Le Prince Noir aux Archives départementales de Haute-Vienne

La note de l'auteur

Dans le cadre d’un stage de master en histoire médiévale, les Archives Départementales m’ont confié une mission d’analyse des sceaux présents dans leurs fonds. Afin de permettre l’accès à ce patrimoine méconnu au grand public comme aux chercheurs, les résultats de cette étude sont progressivement intégrés à SIGILLA, une base de données sigillographique en ligne à usage scientifique. Le 8 janvier 2024, des agents des Archives départementales et moi avons été formés dans ce but par M. Laurent Hablot, enseignant-chercheur à l’université de Poitiers, et Mme Catherine Kasteleiner, ingénieure de recherche à l’université de Strasbourg, tous deux responsables du projet SIGILLA.
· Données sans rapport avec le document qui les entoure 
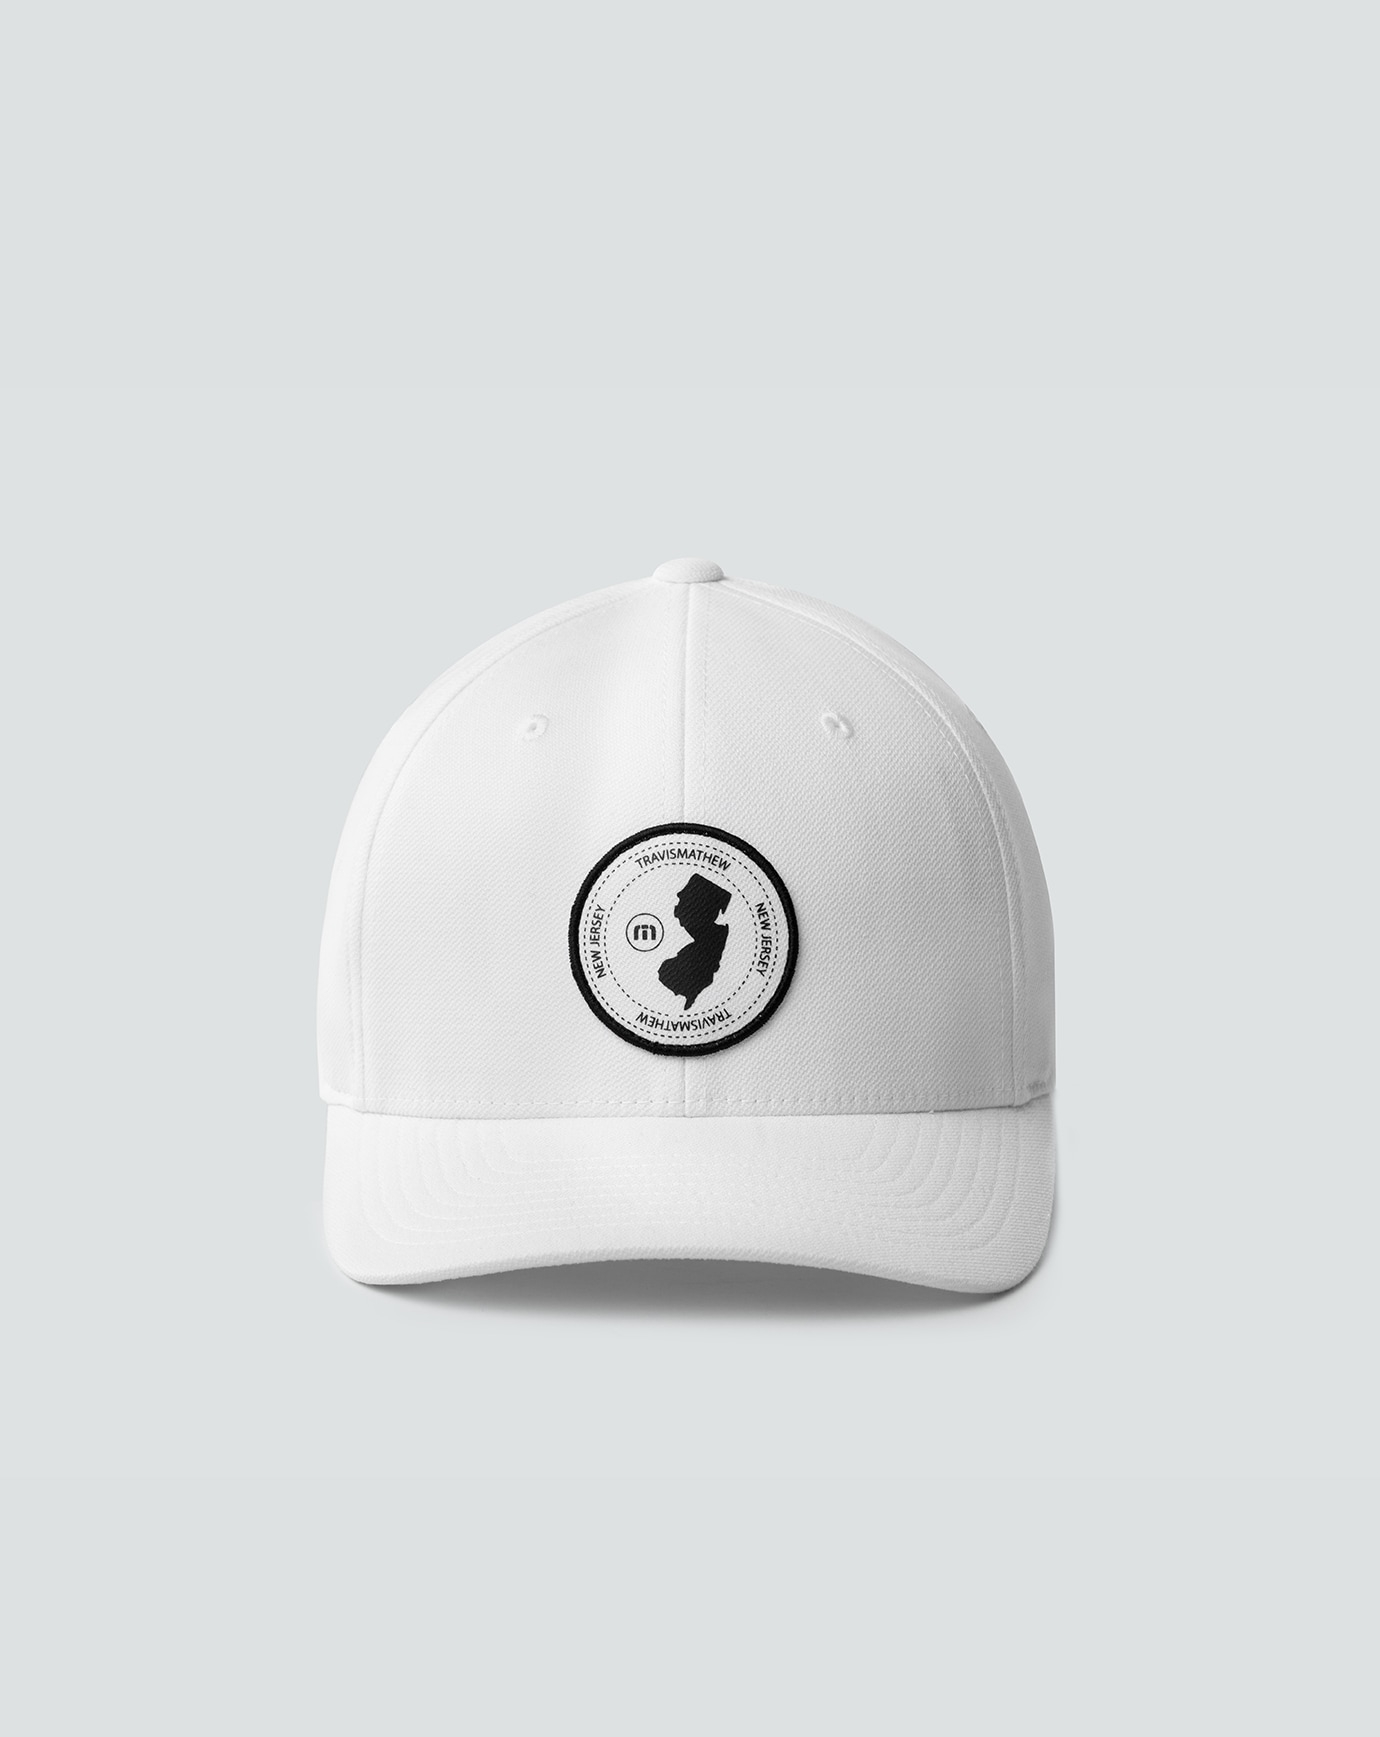 EAST COAST TIME FITTED HAT Image Thumbnail 1

Au cours des semaines qui ont suivi, les documents et leurs empreintes se sont ainsi succédé. Si la période couverte par les pièces s’étend du XIIe siècle au XVIIIe siècle, la majeure partie d’entre elles provient des XIIIe et XIVe siècles – et voilà qui tombe bien, c’est ce dernier qui a produit l’exemple remarquable dont va traiter ce billet.


L’acte qui nous intéresse (cote 1 E 1 / 380) est en somme assez anodin : un contrat de mariage entre un certain Itier Moussati, et Alays Renouart, dans le pays de Limoges. Il s’agit plus exactement de la copie du contrat de mariage : l’original a été rédigé en 1335, tandis que cette version est datée de 1368.
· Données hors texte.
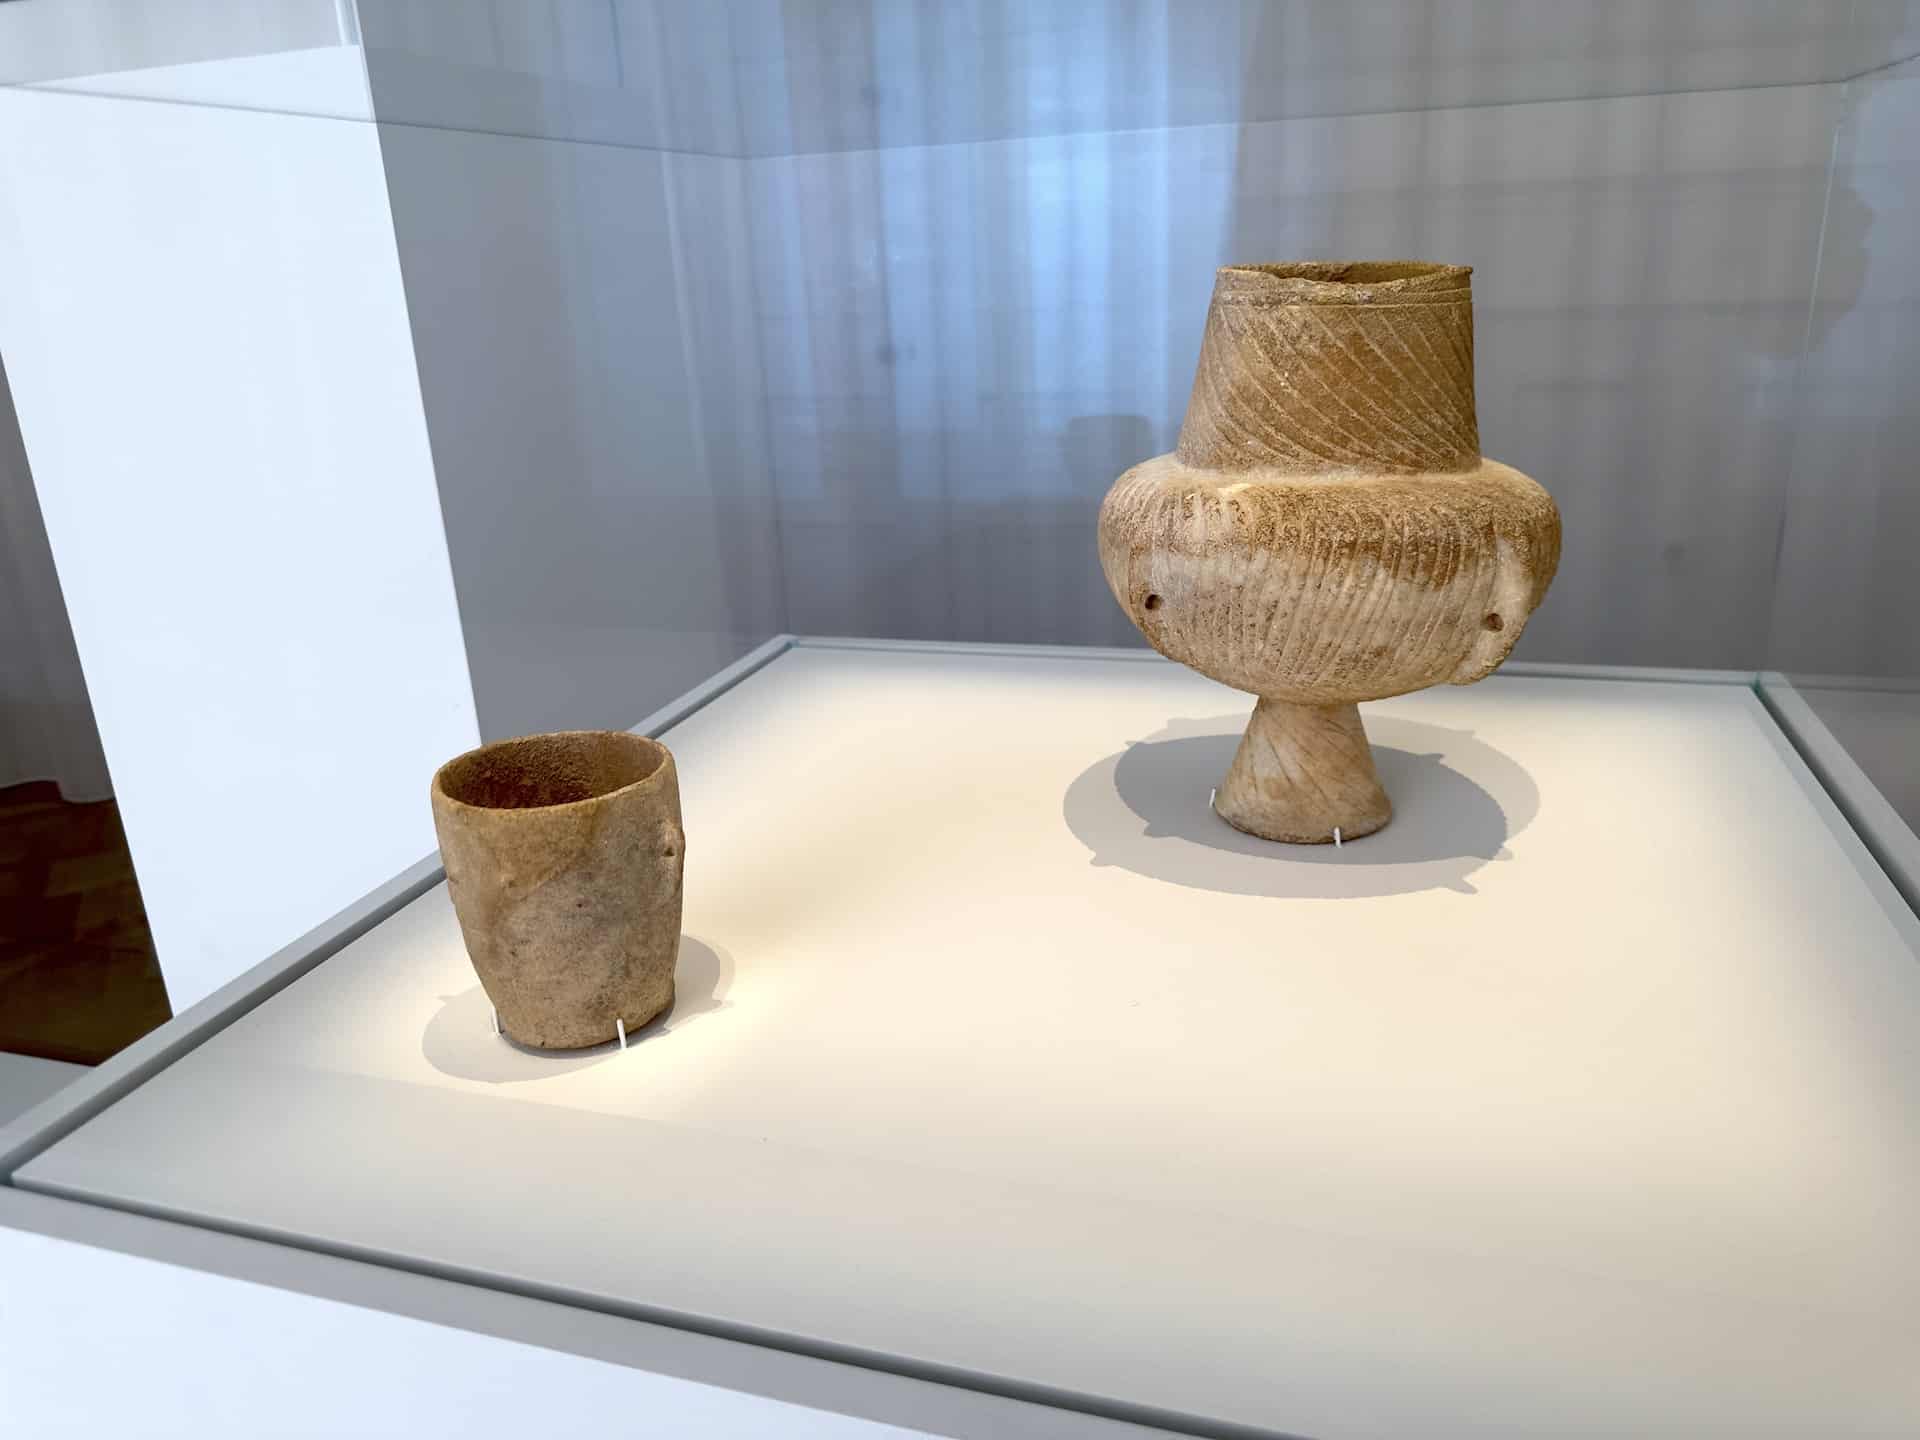 Vases in Homecoming in the Stathatos Mansion at the Museum of Cycladic Art in Athens, Greece

Trente-trois ans se sont donc écoulés entre les deux rédactions. Or, nous sommes en Aquitaine, une région qui a connu une activité particulièrement riche au fil de ces décennies, et au-delà, puisque – pour résumer – sa domination constituait un argument employé par Edouard III d’Angleterre pour revendiquer la couronne de France. Tout cela s’inscrit dans une guerre qui devait durer cent seize ans.

Le contexte historique nous happe lorsque l’on observe le sceau appendu au parchemin. À l’avers, celui-ci exhibe un écu reconnaissable entre mille : écartelé aux armes de France en I et en IV, et d’Angleterre en II et en III, dans un quadrilobe. À l’aide d’une loupe et d’un bon éclairage, on devine même un lambel à trois pendants brochant sur l’écartelé. Ce blason, c’est celui d’Édouard de Woodstock, prince de Galles, mais aussi d’Aquitaine, depuis que son royal géniteur l’a nommé à ce titre le 19 juillet 1362.
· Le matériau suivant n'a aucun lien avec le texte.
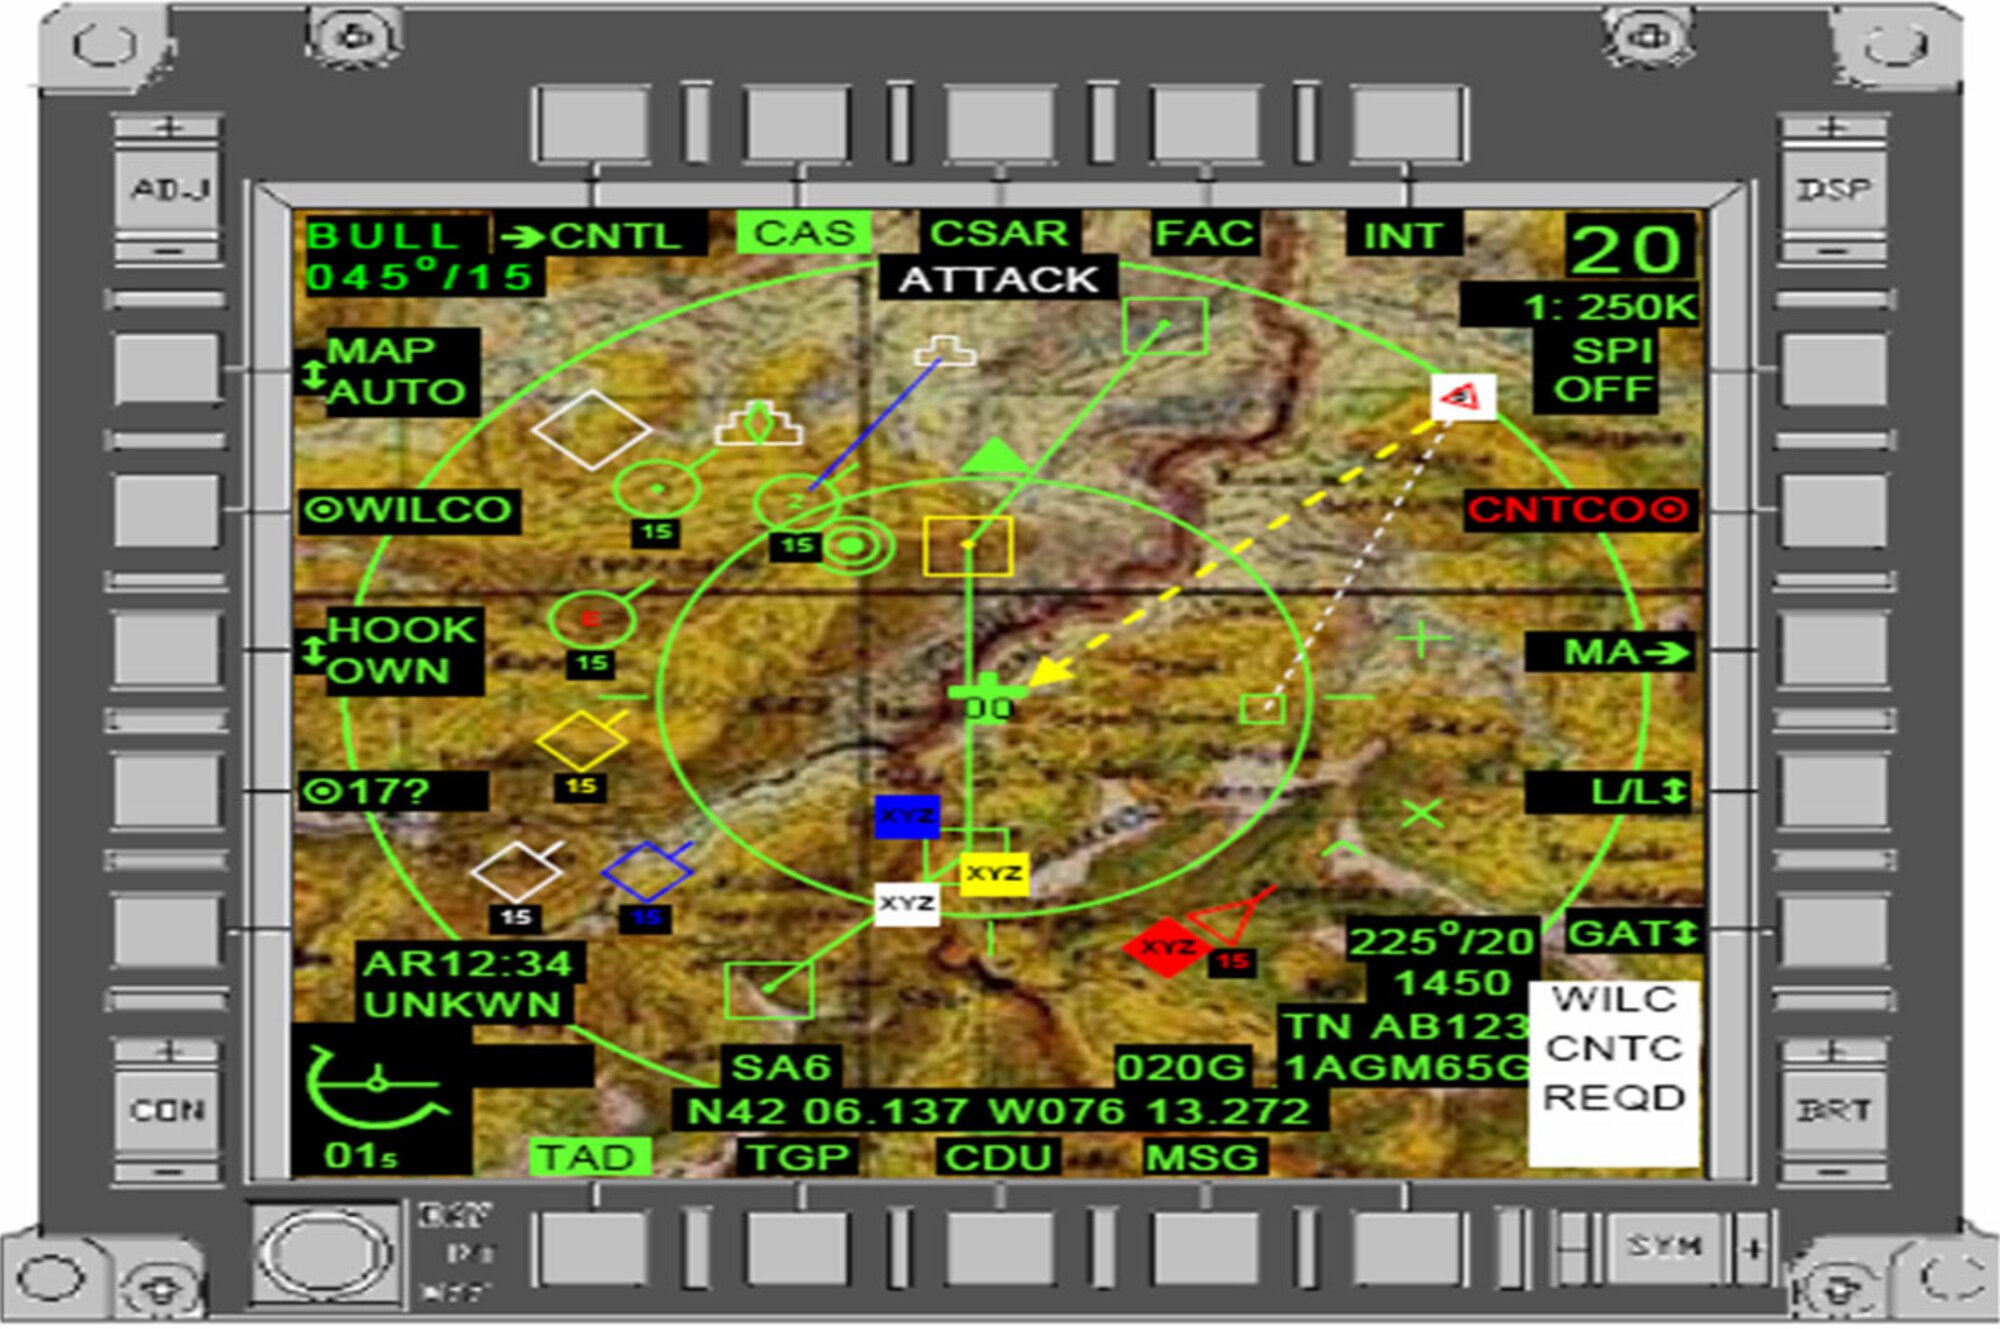 The most significant change to the A-10C is the addition of the Situational Awareness Data Link, or SADL.  With SADL, the A-10C joins a massive “internet-like” network of land, air, and sea systems.  Each individual member “uploads” information for other platforms to see and use, and “downloads” information that it can use to better perform its mission. Pictured is a representation of what the dat link looks like to pilots. (Courtesy graphic)

Faut-il en déduire que celui que l’on connaît mieux sous le sobriquet du Prince Noir s’est occupé de sceller les actes matrimoniaux sous son territoire ? Assurément non. En pleine trêve de Brétigny entre la France et l’Angleterre, le Dominus Principe Aquitanie, tel qu’il s’intitule en suscription de l’acte, a bien d’autres affaires à traiter ; notamment, faire valoir son autorité sur la France anglaise. Néanmoins, il a pu nommer des gardes des sceaux, des officiers assermentés autorisés à porter une matrice afin de frapper son sceau. En tant que garantie juridique, les sceaux sont une marque de pouvoir : les documents qui portent celui du Prince Noir sont placés sous sa protection. Une bonne administration est un bon moyen de s’assurer la fidélité de ses sujets, et c’est ainsi que la copie du présent contrat est réalisée sous l’autorité d’Édouard de Woodstock. Deux ans après l’apposition de ce sceau, la ville de Limoges ouvre ses portes aux troupes françaises, décision que ledit Prince Noir châtie aussitôt en la mettant à sac.

Pour l’étude, plusieurs particularités se dégagent de cette empreinte. En premier lieu, c’est son état de conservation : elle est pratiquement complète, et l’impression dans la cire est encore assez nette, quoique patinée par le temps ; elle nous renseigne sur l’expression du pouvoir aquitain à cette période ; enfin, malgré plusieurs heures à égrainer la littérature sur le sujet, elle ne semble pas encore avoir été référencée. Voici de quoi faire une jolie pièce pour le fonds d’archives.


Dossier préparé par Cyril Auxépaules, stagiaire (Master histoire médiévale à l'Université de Nantes), en charge de l'analyse des sceaux et de leur identification sur Sigilla.